DATA TO EXAMINE ->

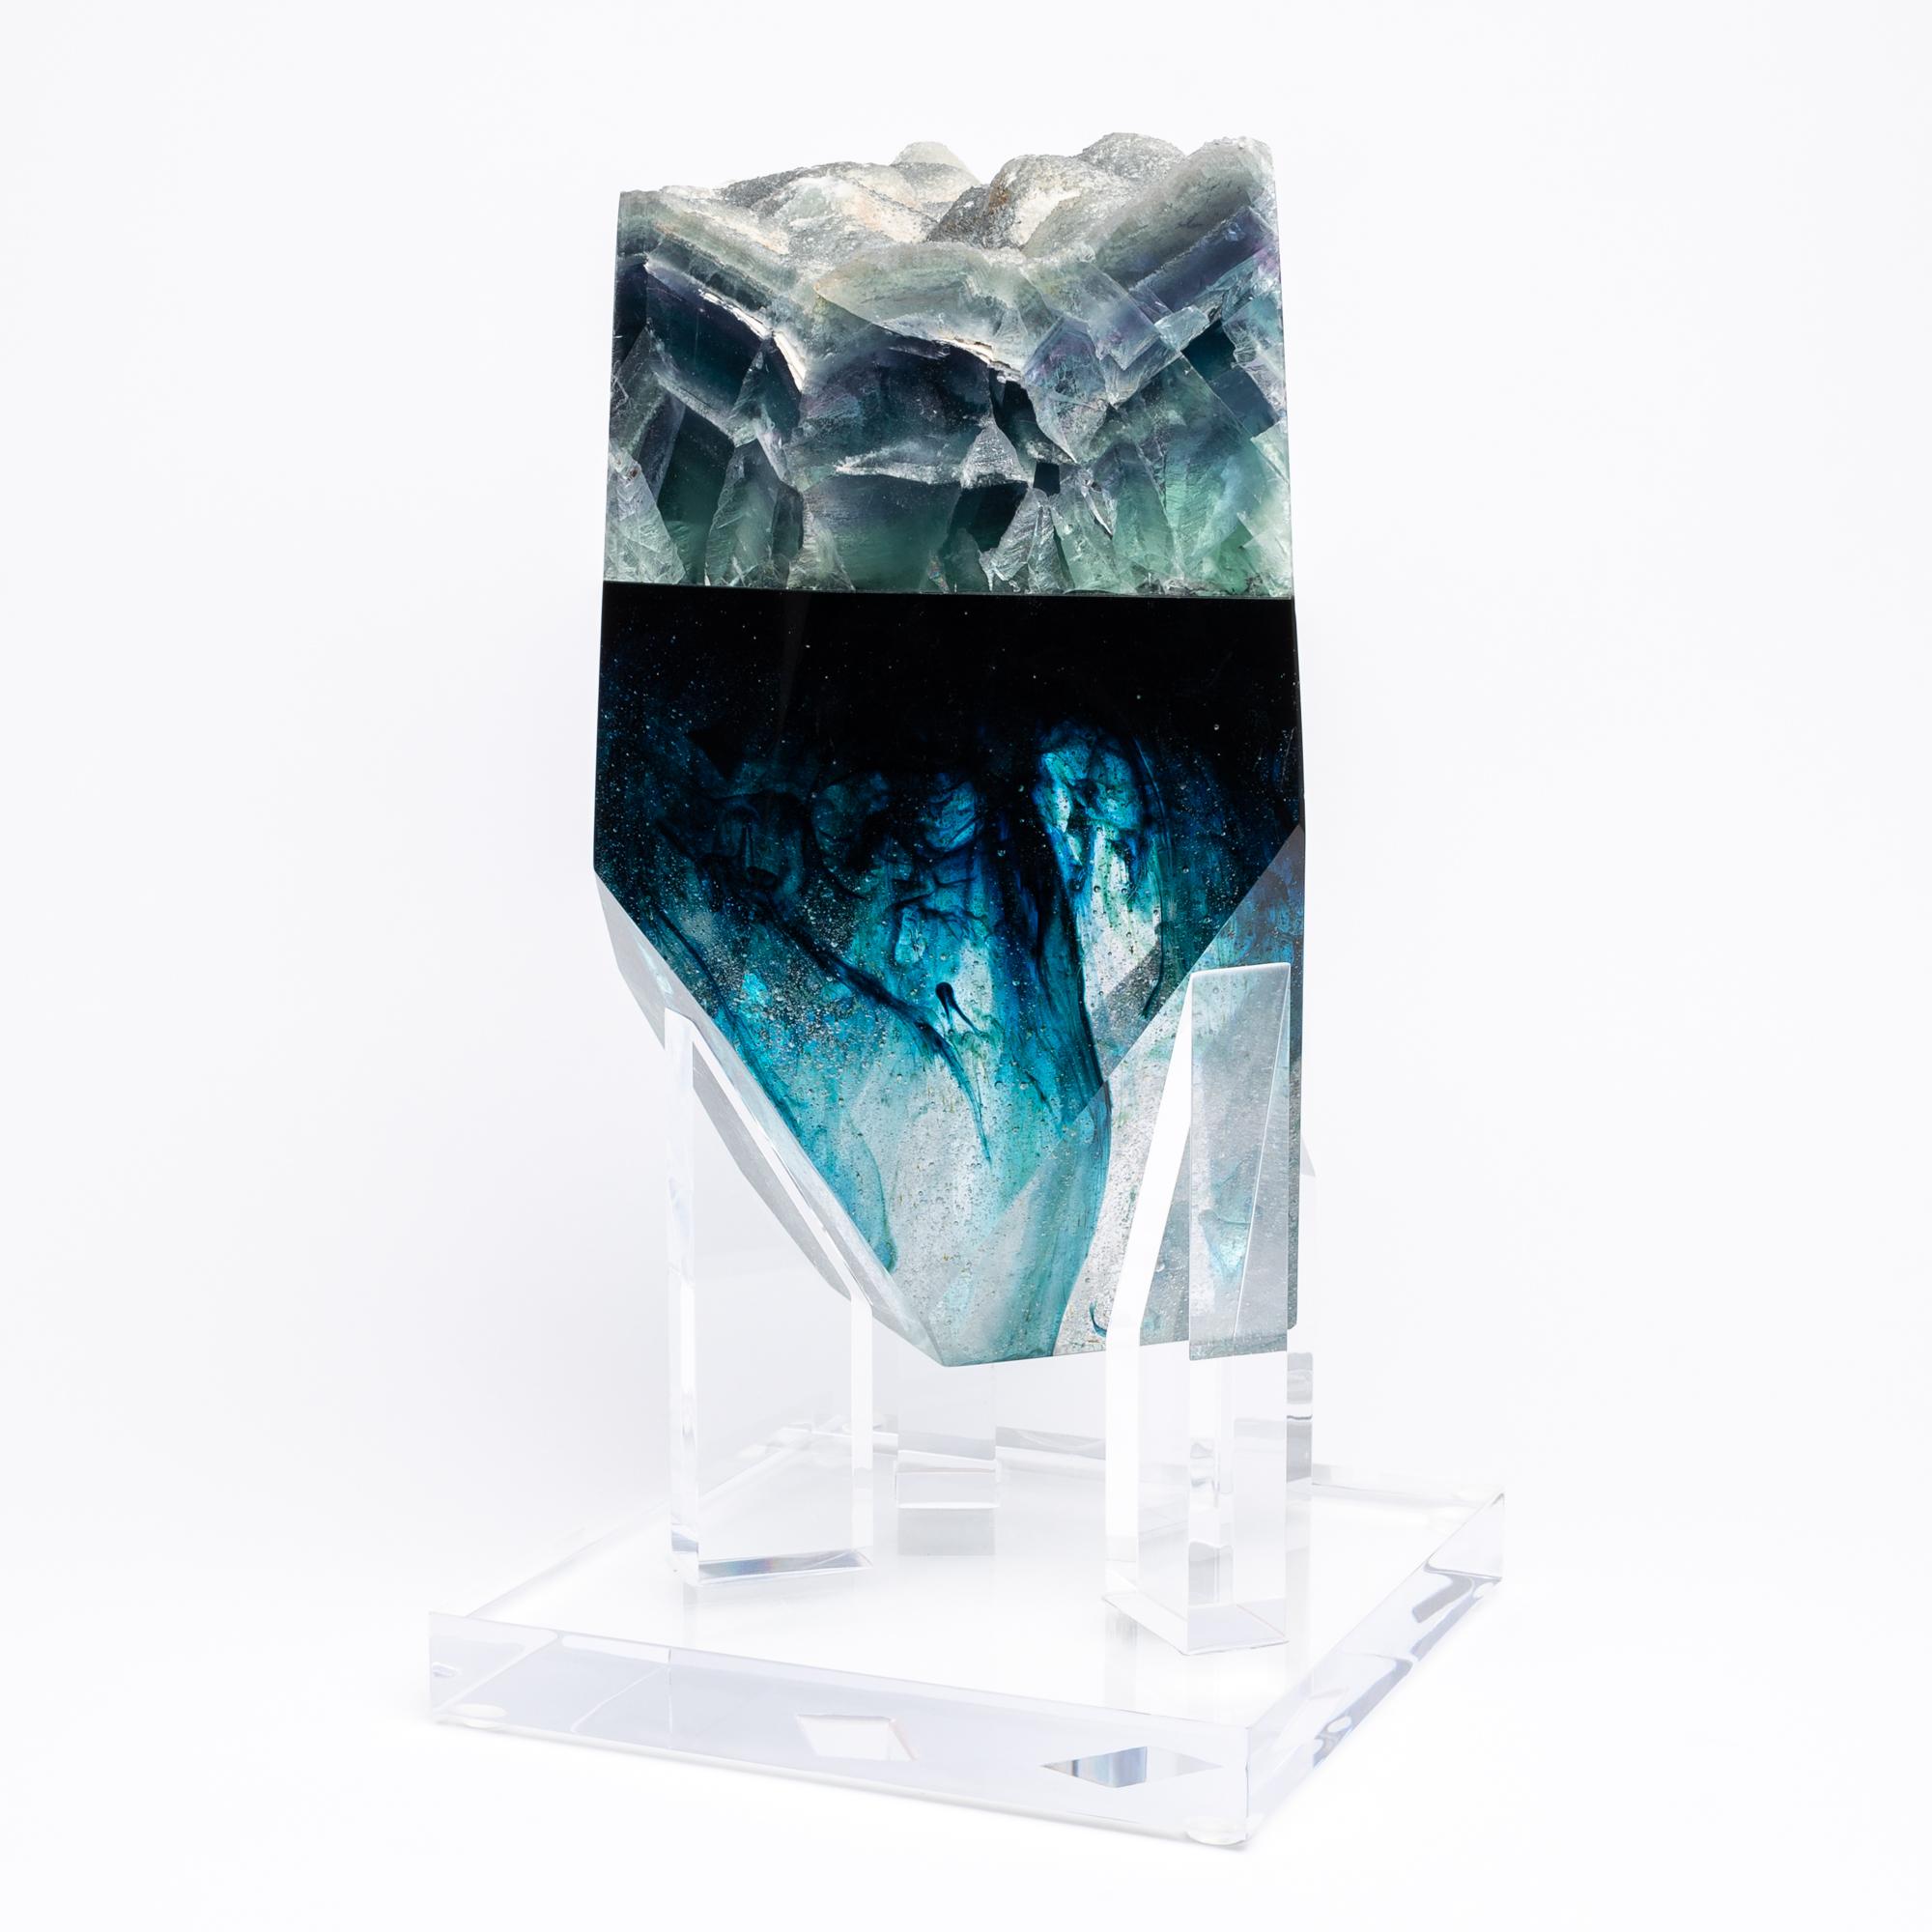 Krown Jewel - Fluorite and glass sculpture from Tyme collection, a collaboration by Orfeo Quagliata and Ernesto Durán

Tyme collection 
A dance between purity and detail bring a creation of unique pieces merging nature’s gems and human
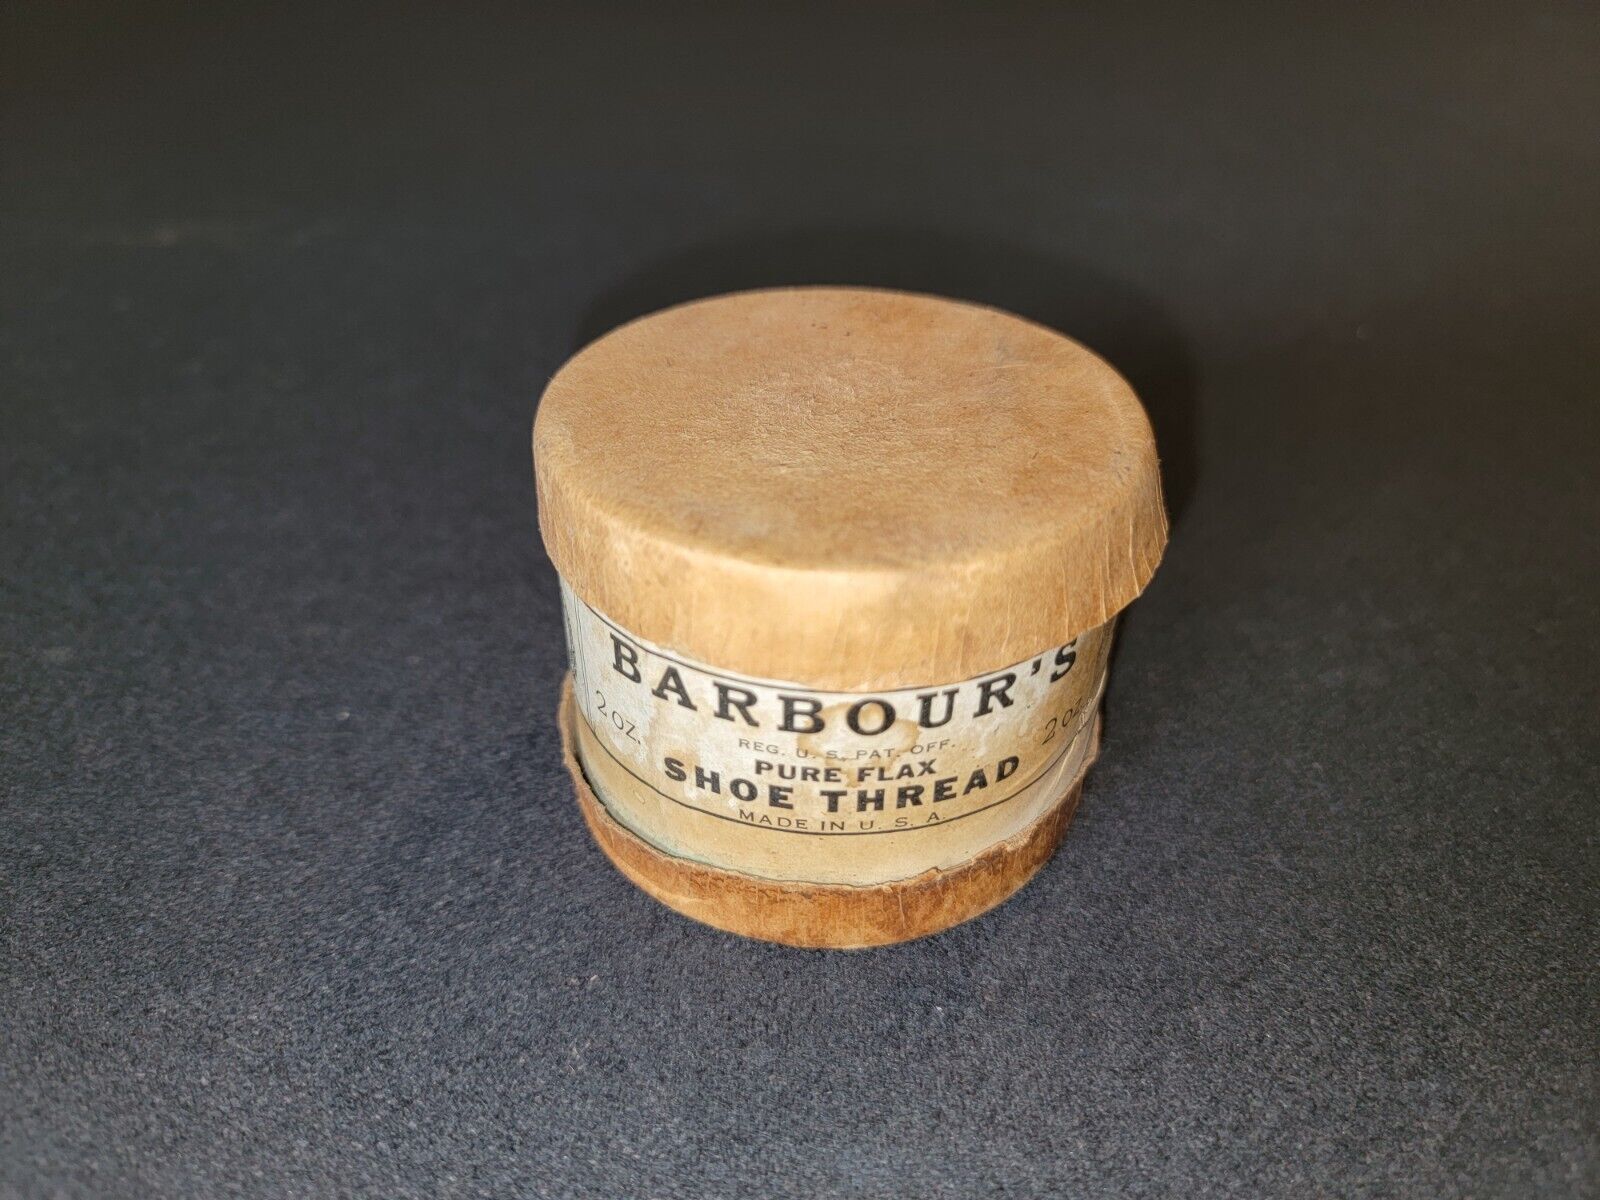 **RARE**Barbour\'s Pure Flax Shoe Thread 2oz. #10 Made in USA
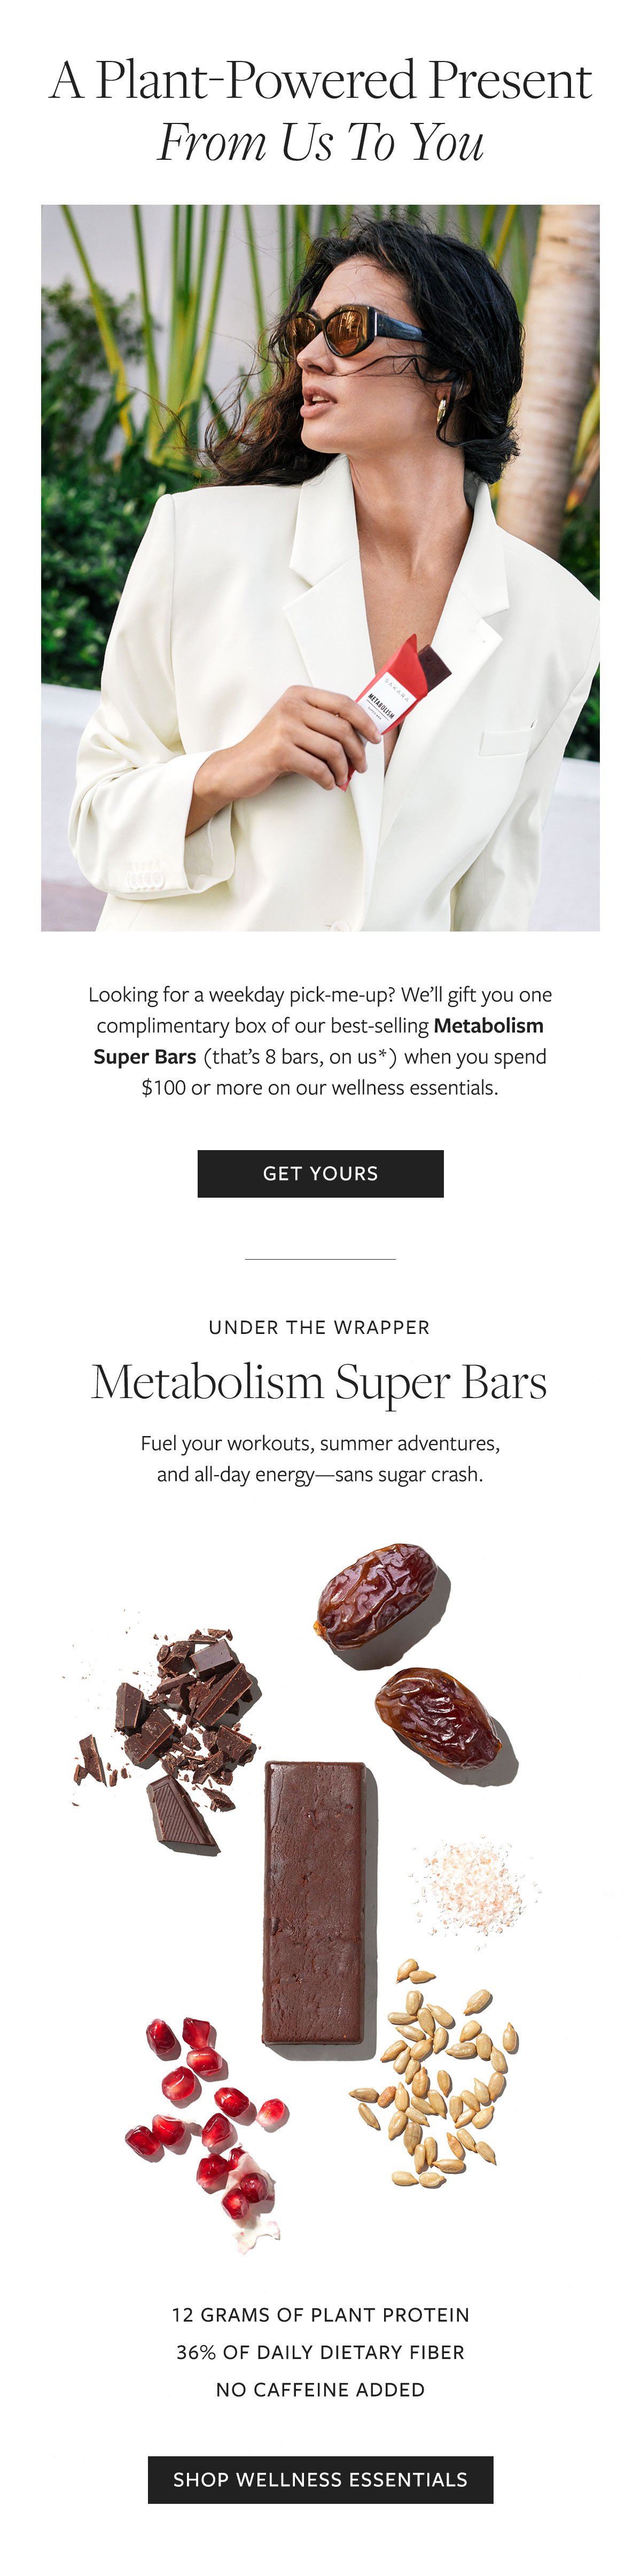 We're gifting one complimentary box of our best-selling Metabolism Super Bars when you spend $100 or more on our wellness essentials.

TASK TO COMPLETE -> Repeat exactly and only the lines from the start of the data above through the line that holds "Made in USA", inclusive. Pictures do not belong in the copy.

WRITTEN REPLY ->
 Krown Jewel - Fluorite and glass sculpture from Tyme collection, a collaboration by Orfeo Quagliata and Ernesto Durán

Tyme collection 
A dance between purity and detail bring a creation of unique pieces merging nature’s gems and human
 **RARE**Barbour\'s Pure Flax Shoe Thread 2oz. #10 Made in USA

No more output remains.